Top of Task data

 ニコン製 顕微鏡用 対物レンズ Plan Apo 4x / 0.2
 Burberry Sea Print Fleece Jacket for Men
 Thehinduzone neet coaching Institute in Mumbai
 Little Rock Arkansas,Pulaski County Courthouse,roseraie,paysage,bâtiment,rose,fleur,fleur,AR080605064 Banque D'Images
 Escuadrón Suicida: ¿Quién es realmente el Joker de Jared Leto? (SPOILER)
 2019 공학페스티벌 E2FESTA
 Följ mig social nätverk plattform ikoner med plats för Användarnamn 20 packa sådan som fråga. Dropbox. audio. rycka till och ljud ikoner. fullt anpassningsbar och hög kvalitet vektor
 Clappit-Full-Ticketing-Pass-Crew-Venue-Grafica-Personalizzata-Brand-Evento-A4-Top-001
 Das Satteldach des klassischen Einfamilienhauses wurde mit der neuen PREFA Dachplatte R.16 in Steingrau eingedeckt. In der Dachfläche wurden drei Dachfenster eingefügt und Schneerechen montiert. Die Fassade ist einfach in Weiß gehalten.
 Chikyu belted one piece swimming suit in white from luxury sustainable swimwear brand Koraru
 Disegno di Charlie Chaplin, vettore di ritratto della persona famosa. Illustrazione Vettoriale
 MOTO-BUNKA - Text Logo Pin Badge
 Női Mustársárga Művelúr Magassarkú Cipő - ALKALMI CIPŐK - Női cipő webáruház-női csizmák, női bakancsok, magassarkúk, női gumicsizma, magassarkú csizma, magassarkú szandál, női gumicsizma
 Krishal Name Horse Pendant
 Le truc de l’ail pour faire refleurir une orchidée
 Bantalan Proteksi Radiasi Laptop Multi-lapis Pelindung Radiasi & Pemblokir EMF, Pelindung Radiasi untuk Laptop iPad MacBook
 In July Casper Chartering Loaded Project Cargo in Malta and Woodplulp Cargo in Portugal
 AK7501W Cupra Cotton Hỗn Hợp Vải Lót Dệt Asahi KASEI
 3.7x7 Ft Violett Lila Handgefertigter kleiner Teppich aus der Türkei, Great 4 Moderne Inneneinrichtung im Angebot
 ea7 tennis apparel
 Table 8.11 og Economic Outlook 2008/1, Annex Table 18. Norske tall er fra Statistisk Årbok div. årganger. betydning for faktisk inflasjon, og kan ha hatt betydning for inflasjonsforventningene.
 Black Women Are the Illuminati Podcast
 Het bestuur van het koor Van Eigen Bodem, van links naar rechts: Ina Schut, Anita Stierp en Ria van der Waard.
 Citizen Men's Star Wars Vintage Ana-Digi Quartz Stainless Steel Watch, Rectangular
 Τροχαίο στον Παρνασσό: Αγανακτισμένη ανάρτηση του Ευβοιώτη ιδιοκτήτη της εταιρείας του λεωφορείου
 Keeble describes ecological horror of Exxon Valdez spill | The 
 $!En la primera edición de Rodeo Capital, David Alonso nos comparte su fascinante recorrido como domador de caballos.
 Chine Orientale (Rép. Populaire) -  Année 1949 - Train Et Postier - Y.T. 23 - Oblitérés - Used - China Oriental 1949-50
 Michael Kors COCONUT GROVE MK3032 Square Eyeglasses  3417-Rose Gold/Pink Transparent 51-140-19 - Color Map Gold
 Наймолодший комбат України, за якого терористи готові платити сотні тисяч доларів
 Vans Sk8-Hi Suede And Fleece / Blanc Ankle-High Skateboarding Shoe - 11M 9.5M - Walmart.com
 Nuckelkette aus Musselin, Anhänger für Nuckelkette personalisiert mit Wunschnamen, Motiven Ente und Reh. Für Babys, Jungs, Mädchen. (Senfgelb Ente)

Bottom of Task data

Task directions
Please return every line in the data that includes the string "Fleece".

Exercise solution
 Burberry Sea Print Fleece Jacket for Men
 Vans Sk8-Hi Suede And Fleece / Blanc Ankle-High Skateboarding Shoe - 11M 9.5M - Walmart.com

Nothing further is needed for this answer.